President Benigno Aquino, caught off guard by the scale of the disaster, is scheduled to visit typhoon-affected areas today.

He has been criticised for the slow pace of aid distribution and unclear estimates of casualties, especially in Tacloban, capital of hardest-hit Leyte province.

A notice board in Tacloban City Hall estimated the deaths at 4,000 on Friday, up from 2,000 a day before, in that town alone.

Hours later, Tacloban mayor Alfred Romualdez apologised and said the toll was for the whole central Philippines.

The toll, written on a whiteboard, is compiled by officials who started burying bodies in a mass grave on Thursday.

Romualdez said some people may have been swept out to sea and their bodies lost after a tsunami-like wall of seawater slammed into coastal areas. One neighbourhood with a population of between 10,000 and 12,000 was now deserted, he said.

The City Hall toll was the first public acknowledgement that the number of fatalities would likely far exceed an estimate given this week by Aquino, who said lives lost would be closer to 2,000 or 2,500.

Official confirmed deaths nationwide rose by more than 1,200 to 3,621 on Friday. “I hope it will not rise anymore.
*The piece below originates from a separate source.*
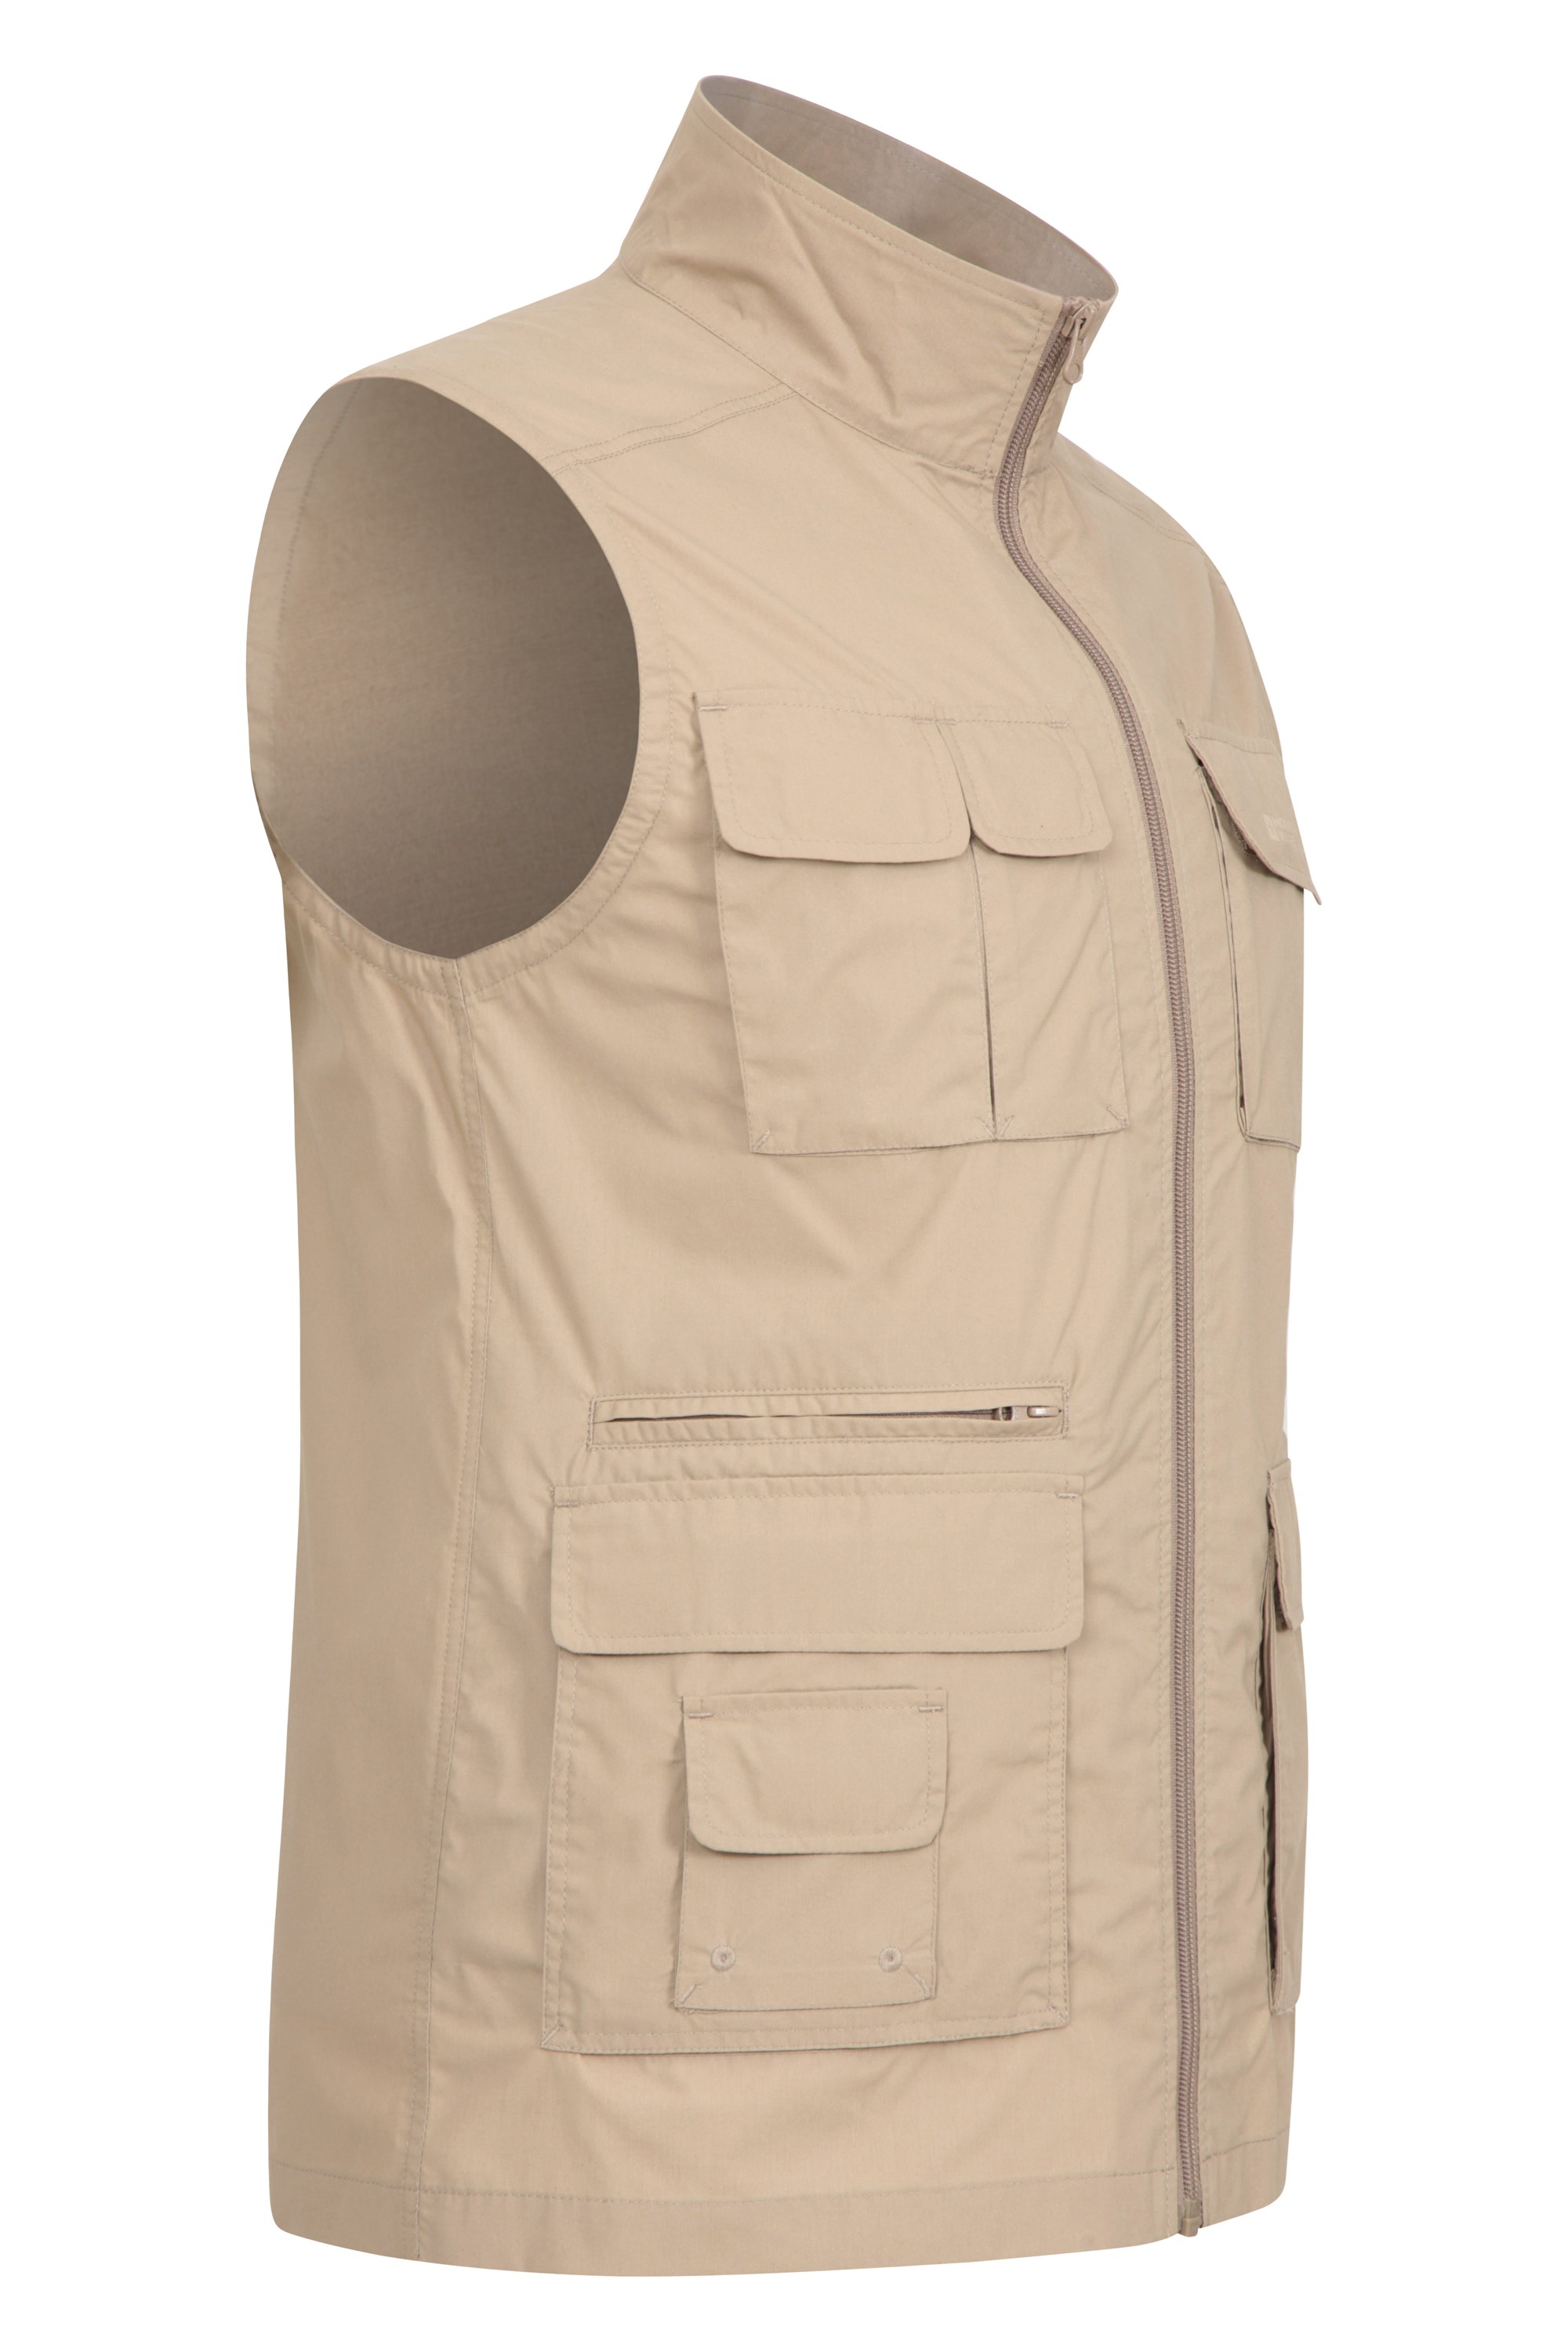 Mountain Warehouse Mens Trek II Gilet Male Warm Breathable Long Sleeved Puffer

I hope that is the final number,” said Eduardo del Rosario, director of the National Disaster Risk Reduction and Management Council.

“If it rises, it will probably be very slight.”

But massive logistical problems remain. Injured survivors waited in long lines under searing sun for treatment. Local authorities reported shortages of body bags, gasoline and staff to collect the dead.

“Bodies are still lying on the roads. But now at least they’re in sections with Department of Health body-bags,” Ian Norton, chief of a team of Australian aid workers, told Reuters.

The number of people made homeless by the storm rose to 1.9 million, up from 900,000, the UN’s humanitarian agency said. In Tacloban alone, at least 56,000 people face unsanitary conditions, according to the UN’s migration agency.

Stunned survivors in Tacloban said the toll could be many thousands.

“There are a lot of dead people on the street in our neighbourhood, by the trash,” said Aiza Umpacan, a 27-year-old resident of San Jose, one of the worst-hit neighbourhoods.

“There are still a lot of streets that were not visited by the disaster-relief operations. They are just going through the highways, not the inner streets,” he said.

“The smell is getting worse, and we actually have neighbours who have been brought to hospital because they are getting sick.”

Across the city, survivors have begun to rebuild. The sounds of hammers ring out.

Men gather in groups to fix motorbikes or drag debris off splintered homes and wrecked streets. Most have given up searching for lost loved ones.

The preliminary number of missing as of Friday, according to the Red Cross, rose to 25,000 from 22,000 a day earlier. That could include people who have since been located, it said.

The nuclear-powered USS George Washington aircraft carrier and accompanying ships arrived off eastern Samar province on Thursday evening, carrying 5,000 crew and more than 80 aircraft.

US sailors have brought food and water ashore in Tacloban and the town of Guiuan, whose airport was a US naval air base in the second World War. The carrier is moored near where US General Douglas MacArthur’s force landed on October 20th, 1944, in one of the biggest Allied victories.

Acting U. Ambassador Brian Goldbeck, the chargé d'affaires at the US embassy in Manila, said the United States had moved 174,000 kg of emergency supplies into affected areas and evacuated nearly 3,000 people.